### Information provided:
((
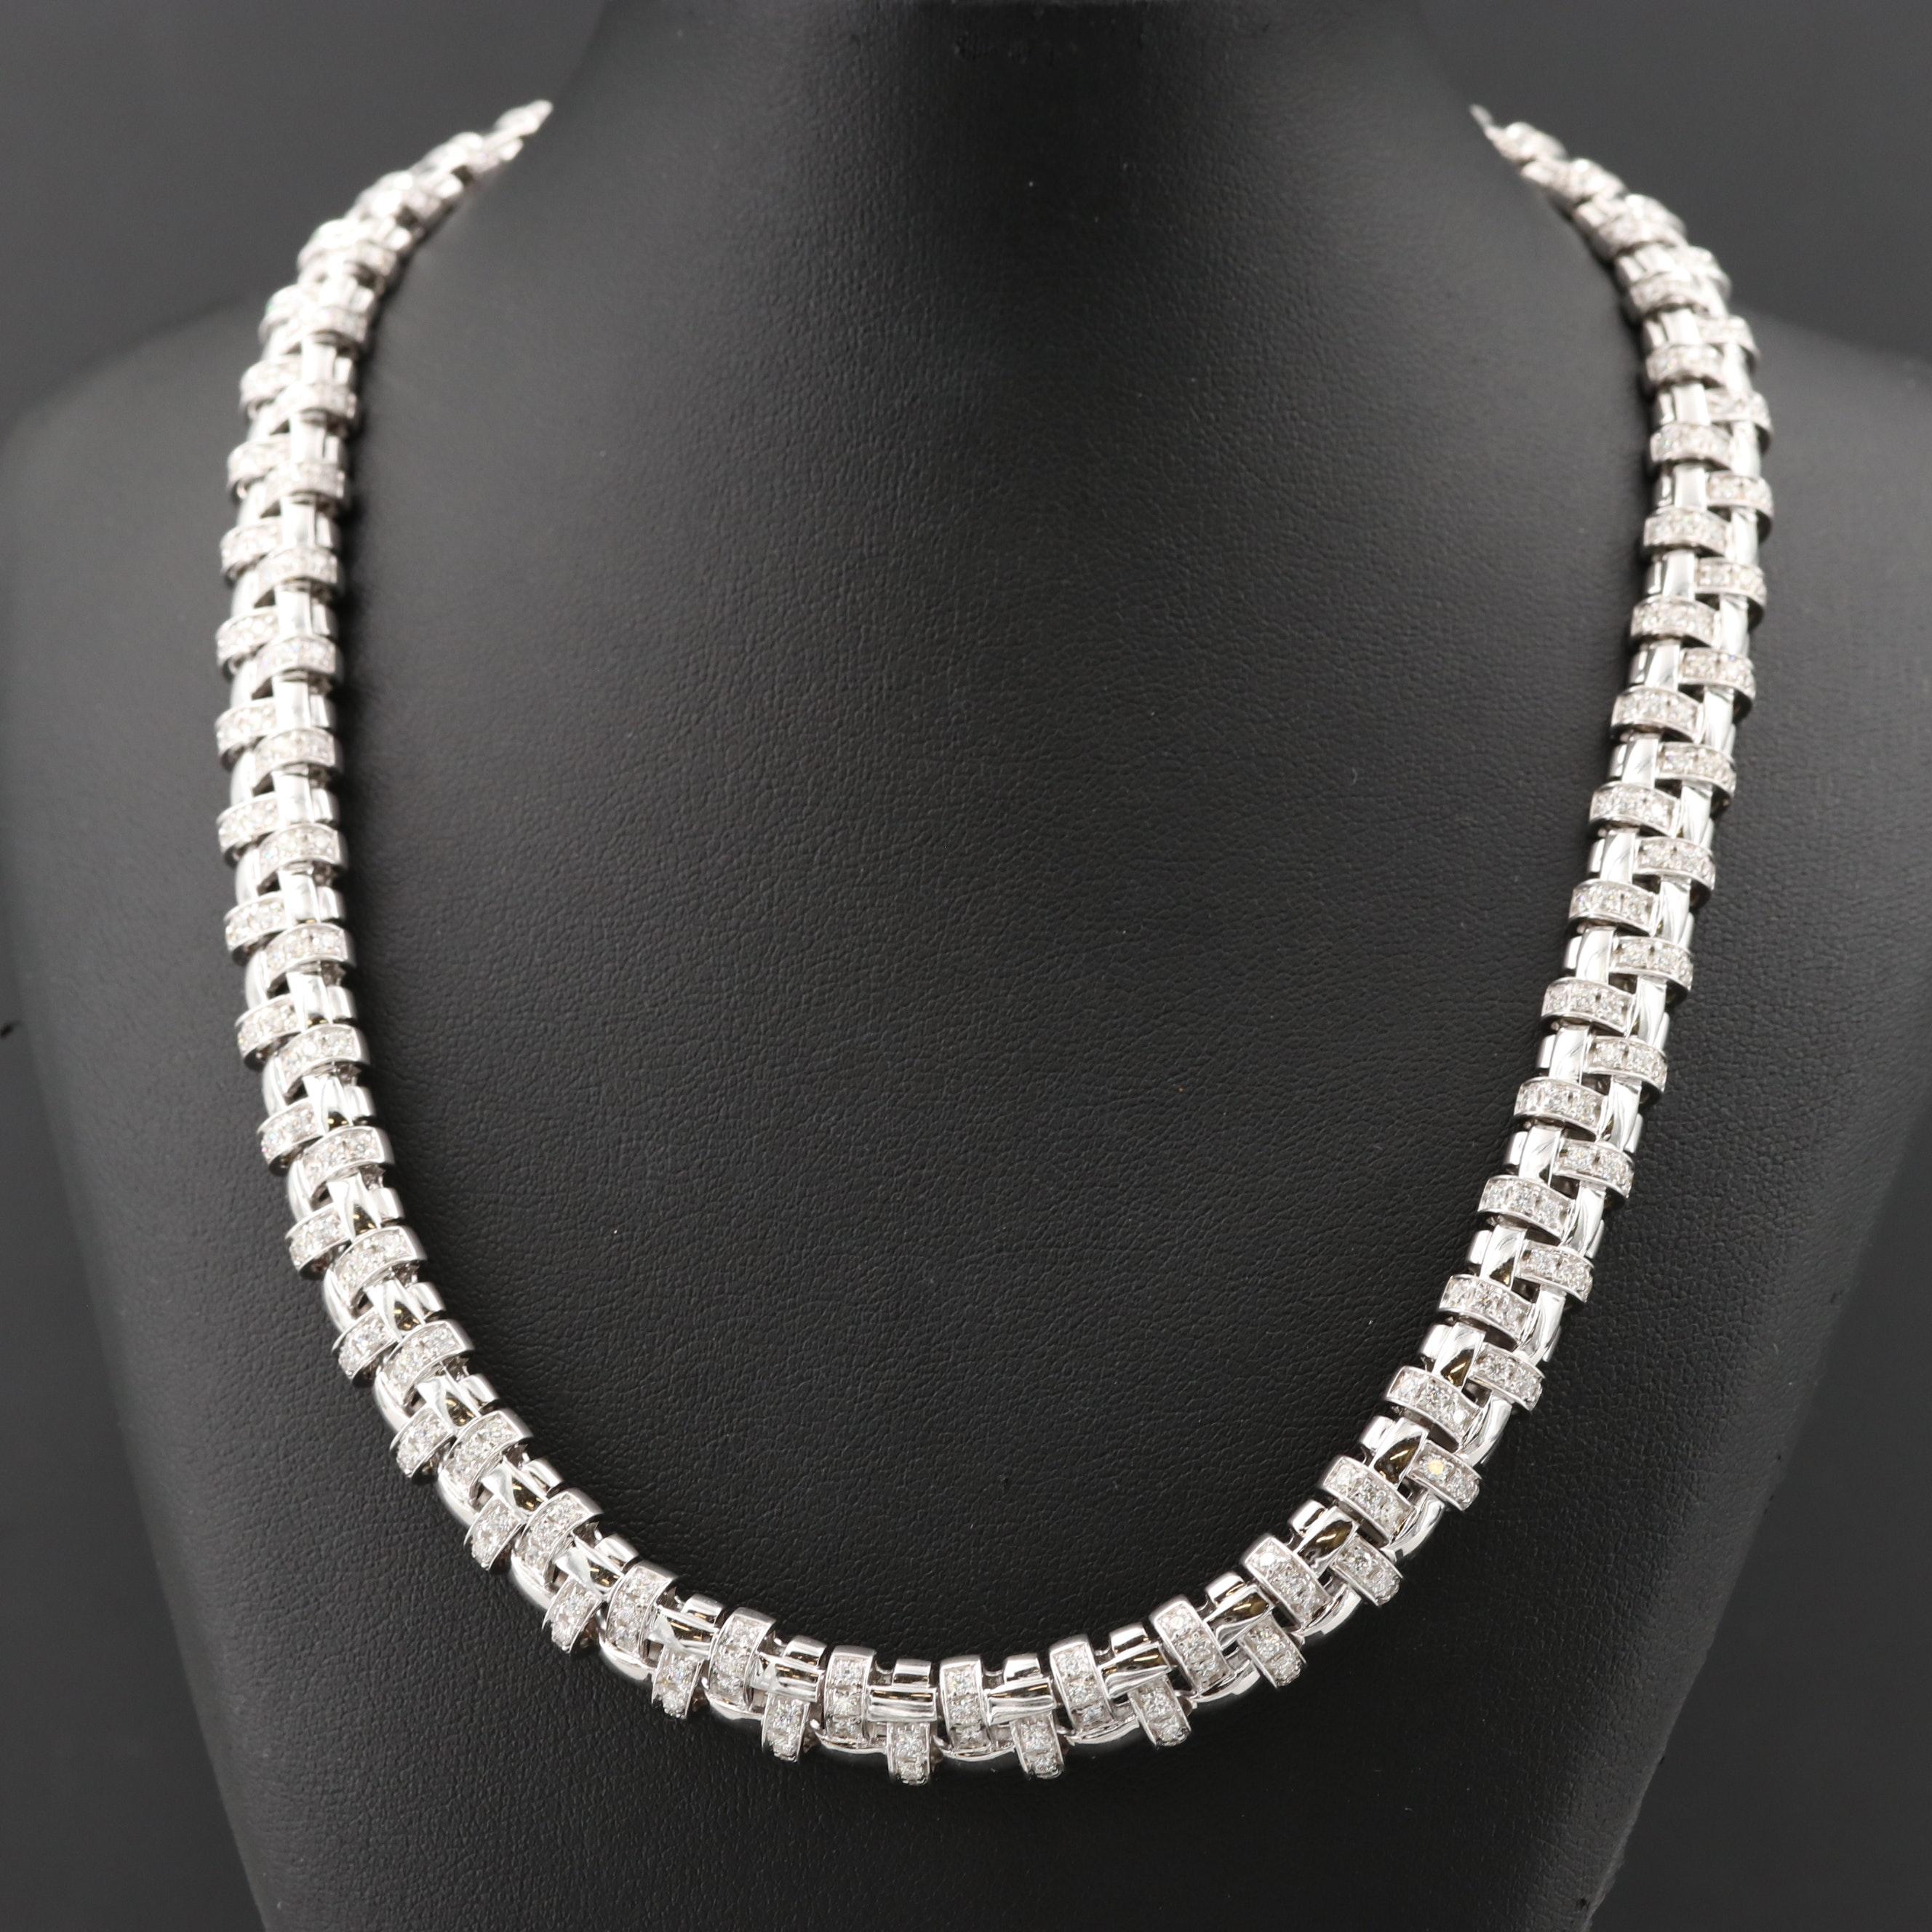 Tiffany & Co. 18K White Gold 6.24 CTW Diamond Basket Weave Necklace
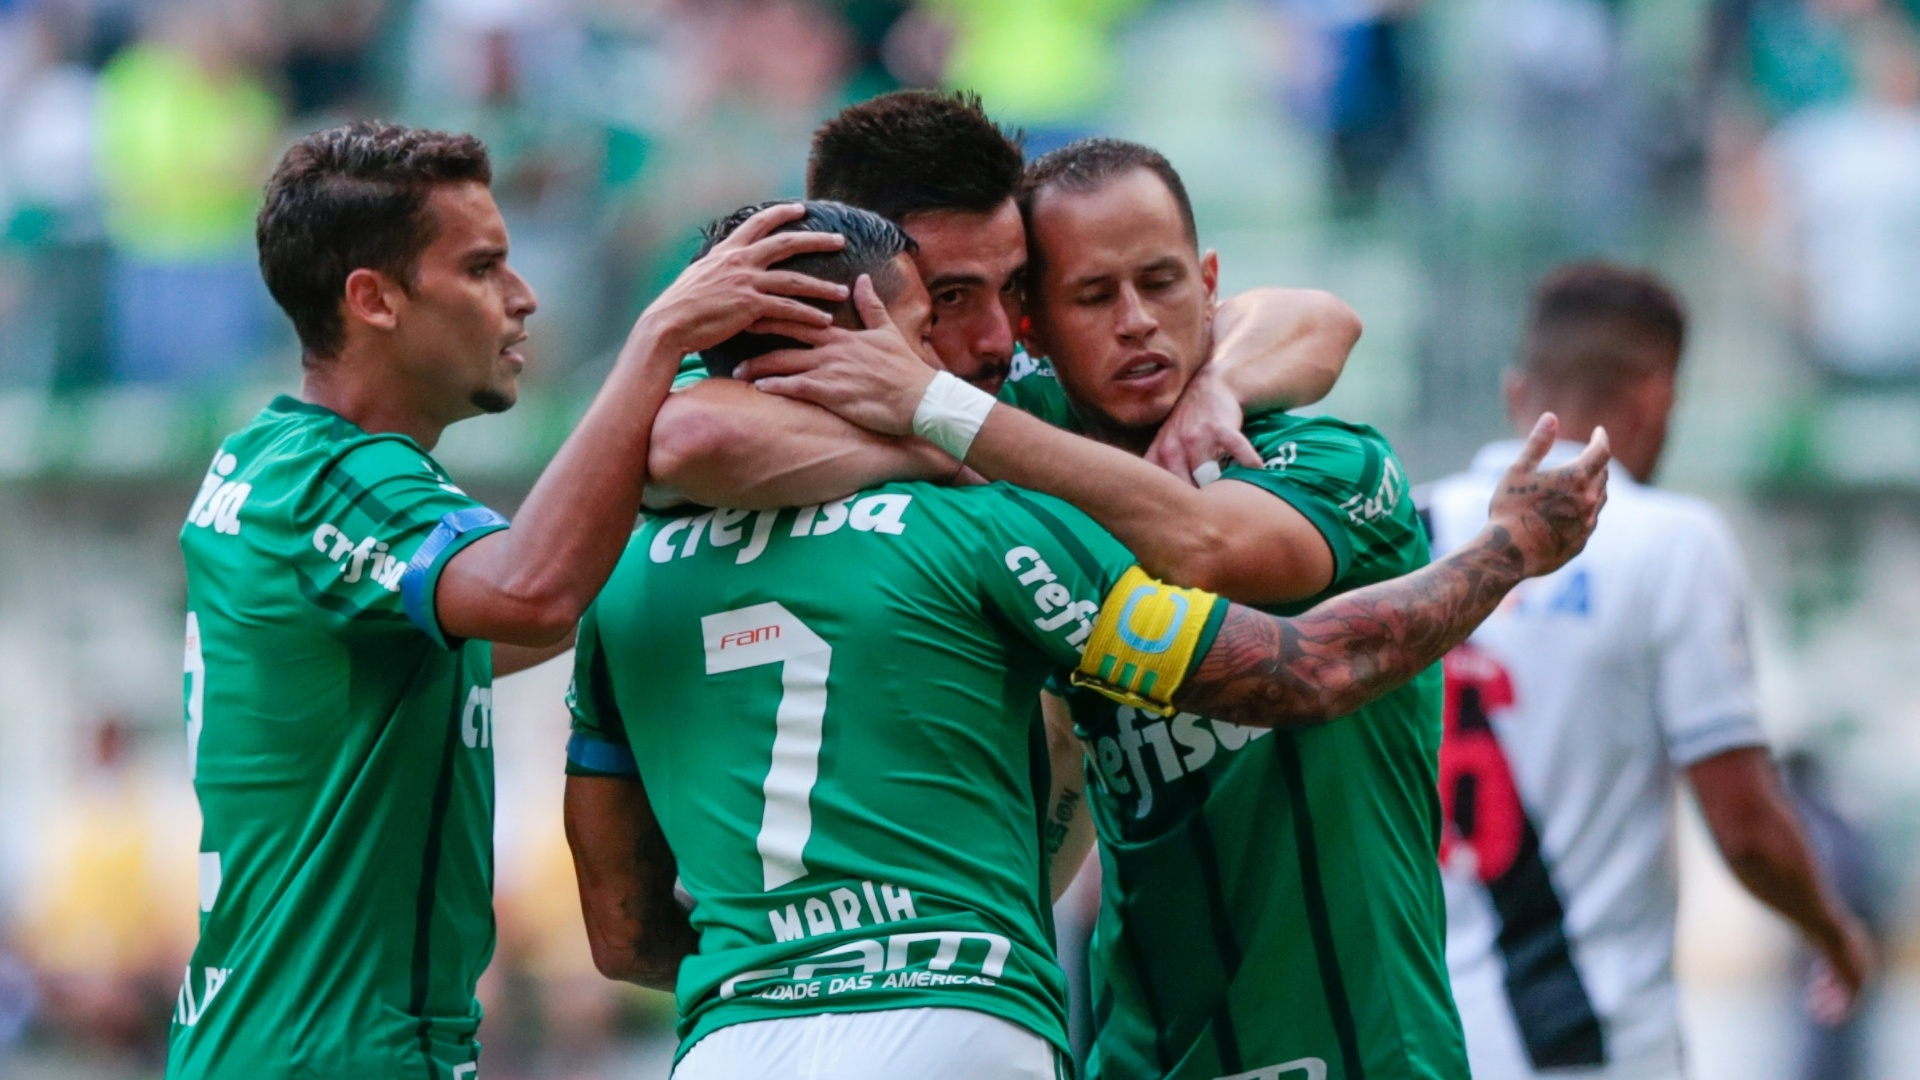 Jogadores do Palmeiras comemoram o gol marcado por Jean diante do Vasco no Campeonato Brasileiro
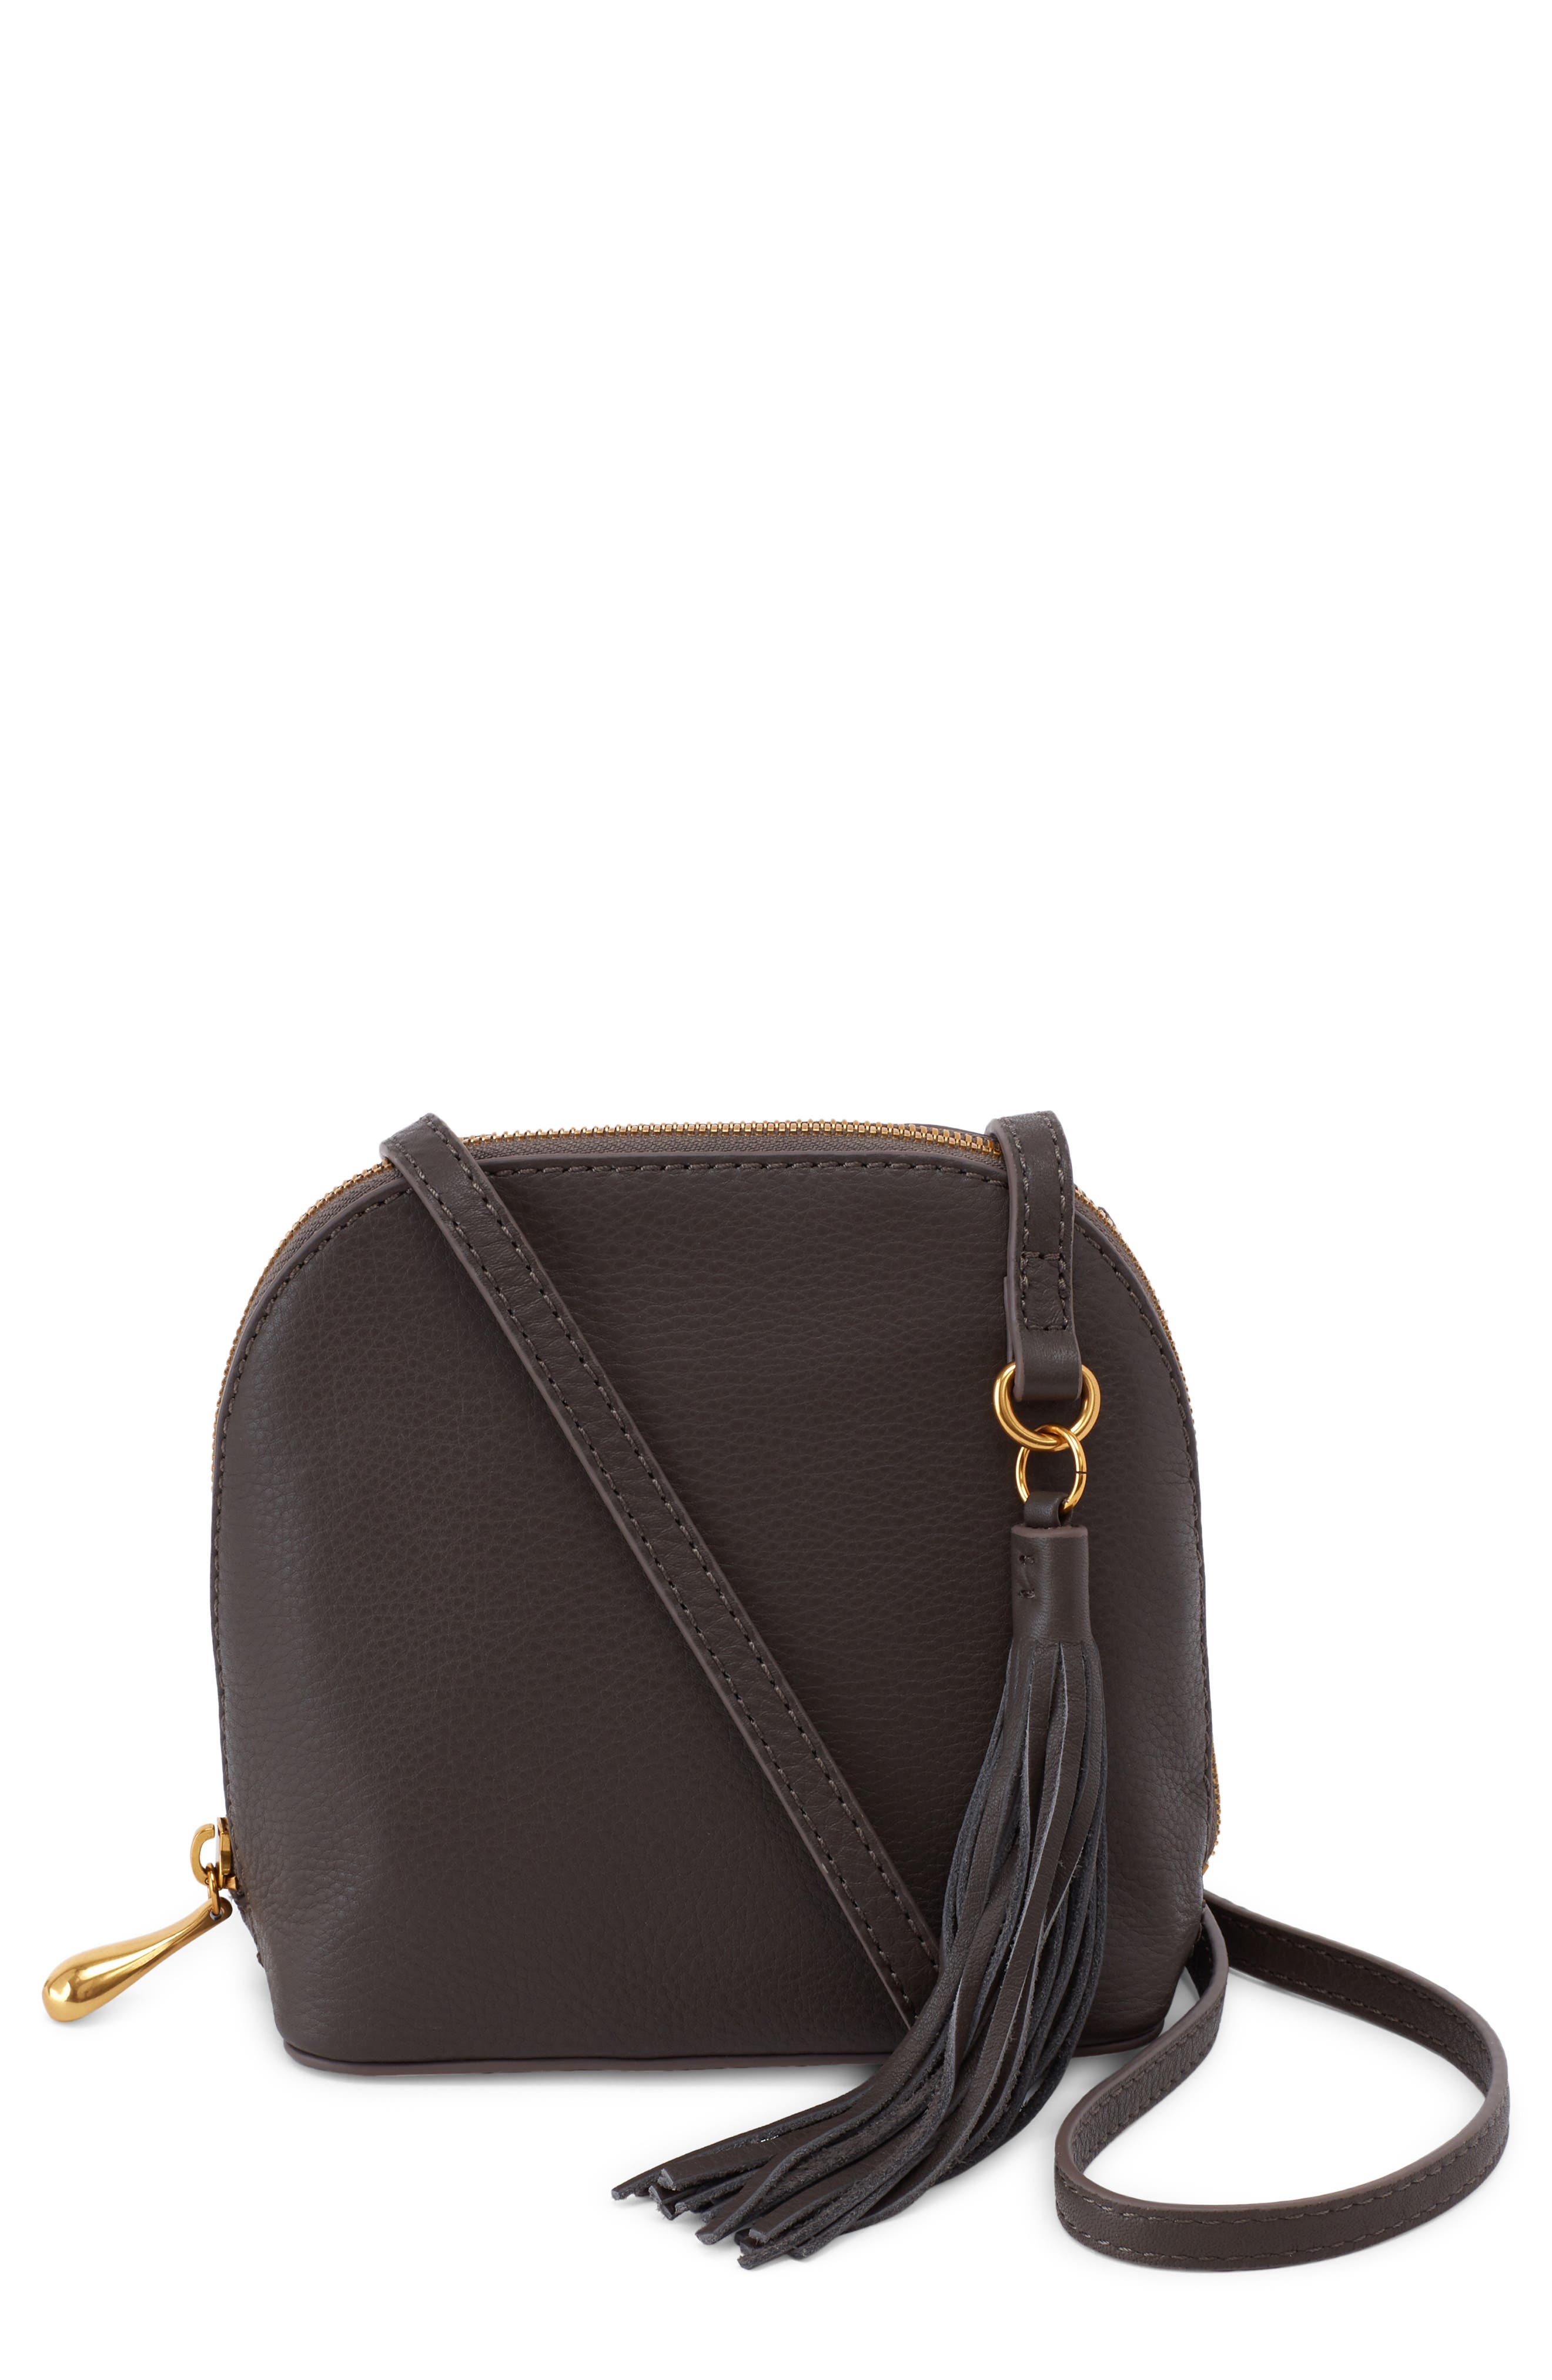 Nash Calfskin Leather Crossbody Bag
))
### What to do:
Leaving the pictures out, set down all of the data again exactly.

### Written solution:
 Tiffany & Co. 18K White Gold 6.24 CTW Diamond Basket Weave Necklace
 Jogadores do Palmeiras comemoram o gol marcado por Jean diante do Vasco no Campeonato Brasileiro
 Nash Calfskin Leather Crossbody Bag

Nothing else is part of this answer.